:: Data section ::
--- --- ---

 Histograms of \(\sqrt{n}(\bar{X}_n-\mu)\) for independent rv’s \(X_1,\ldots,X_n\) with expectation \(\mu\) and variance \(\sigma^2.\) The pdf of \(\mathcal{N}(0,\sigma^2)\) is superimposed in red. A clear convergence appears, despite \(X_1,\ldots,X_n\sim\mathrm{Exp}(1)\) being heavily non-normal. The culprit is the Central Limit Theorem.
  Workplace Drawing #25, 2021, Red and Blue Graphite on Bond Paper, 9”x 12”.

--- --- ---

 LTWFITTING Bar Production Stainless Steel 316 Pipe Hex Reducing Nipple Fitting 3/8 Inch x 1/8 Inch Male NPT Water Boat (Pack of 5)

--- --- ---

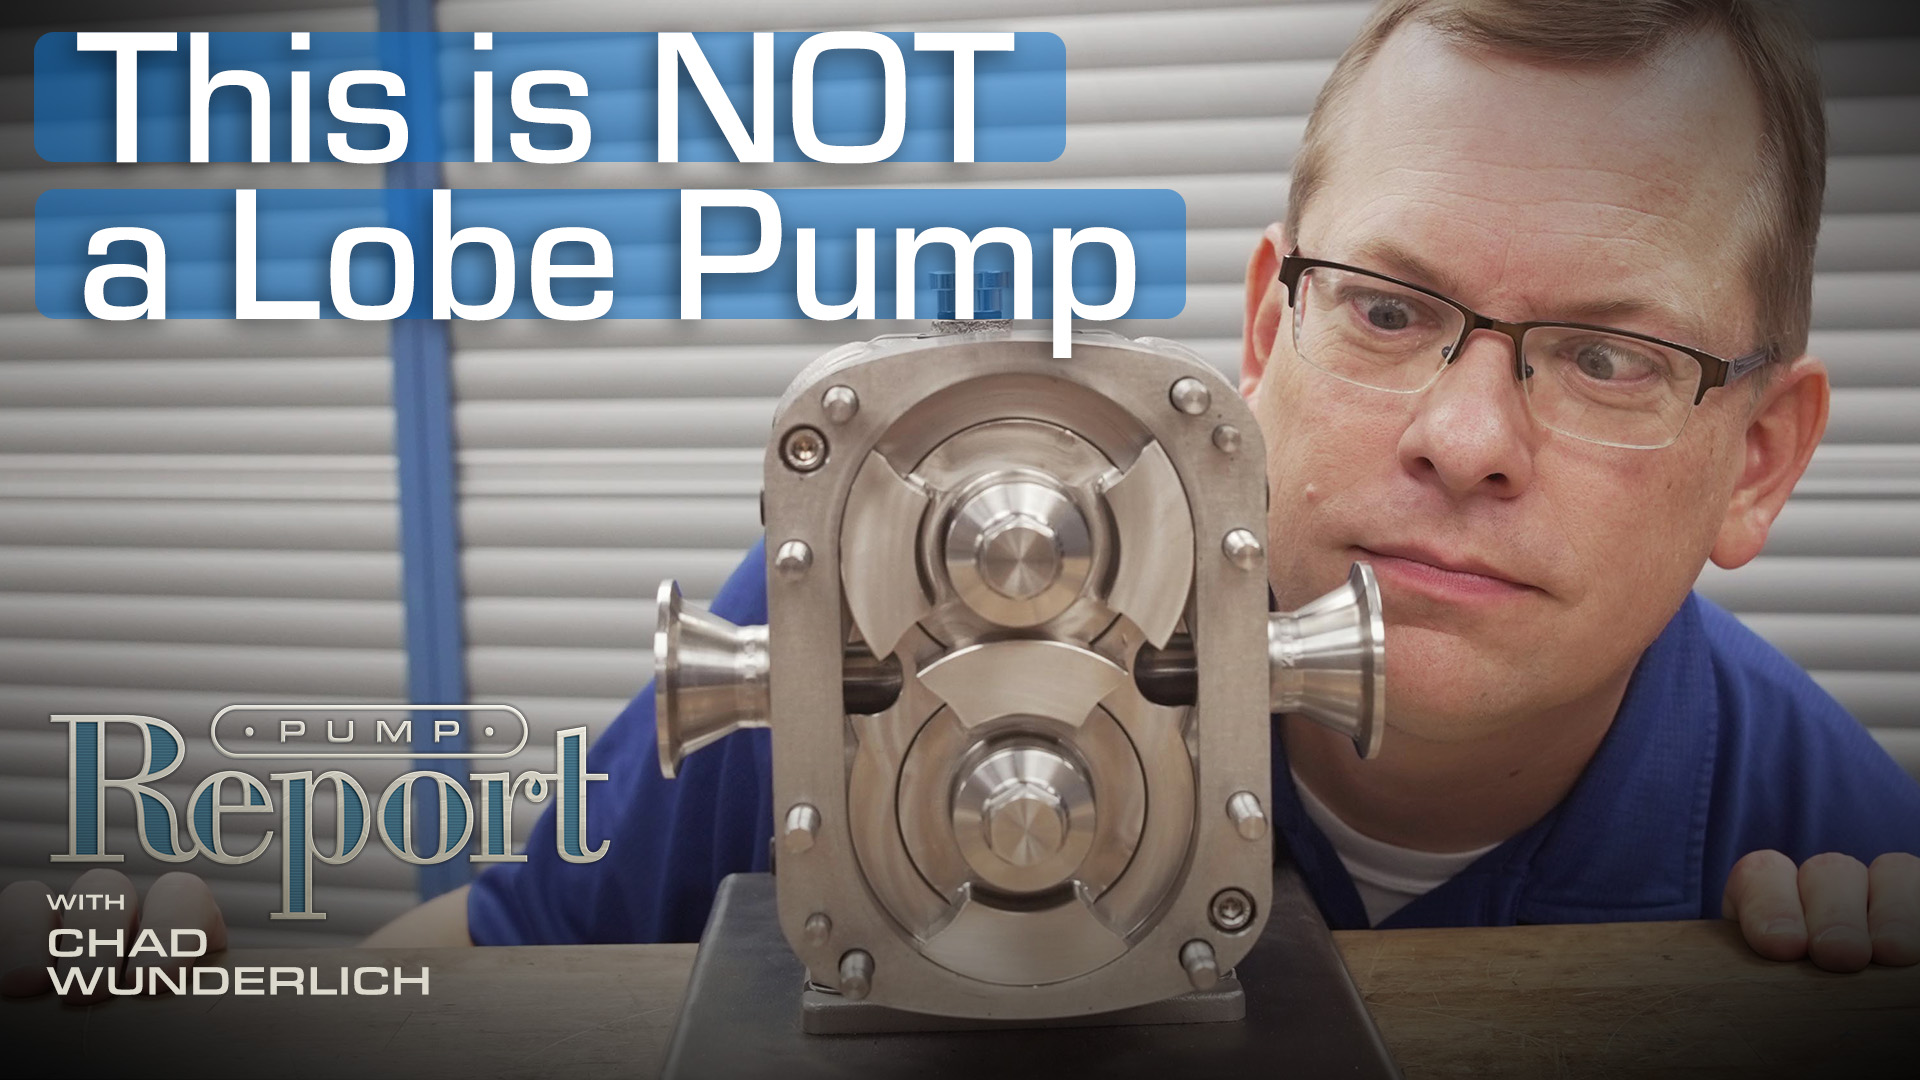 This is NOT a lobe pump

--- --- ---

:: Work task ::
Which lines run from the one holding "Central Limit Theorem." through the one holding "Workplace Drawing #25, 2021, Red" in the records above? Repeat them exactly, both included, and nothing more.

:: Worked solution ::
 Histograms of \(\sqrt{n}(\bar{X}_n-\mu)\) for independent rv’s \(X_1,\ldots,X_n\) with expectation \(\mu\) and variance \(\sigma^2.\) The pdf of \(\mathcal{N}(0,\sigma^2)\) is superimposed in red. A clear convergence appears, despite \(X_1,\ldots,X_n\sim\mathrm{Exp}(1)\) being heavily non-normal. The culprit is the Central Limit Theorem.
  Workplace Drawing #25, 2021, Red and Blue Graphite on Bond Paper, 9”x 12”.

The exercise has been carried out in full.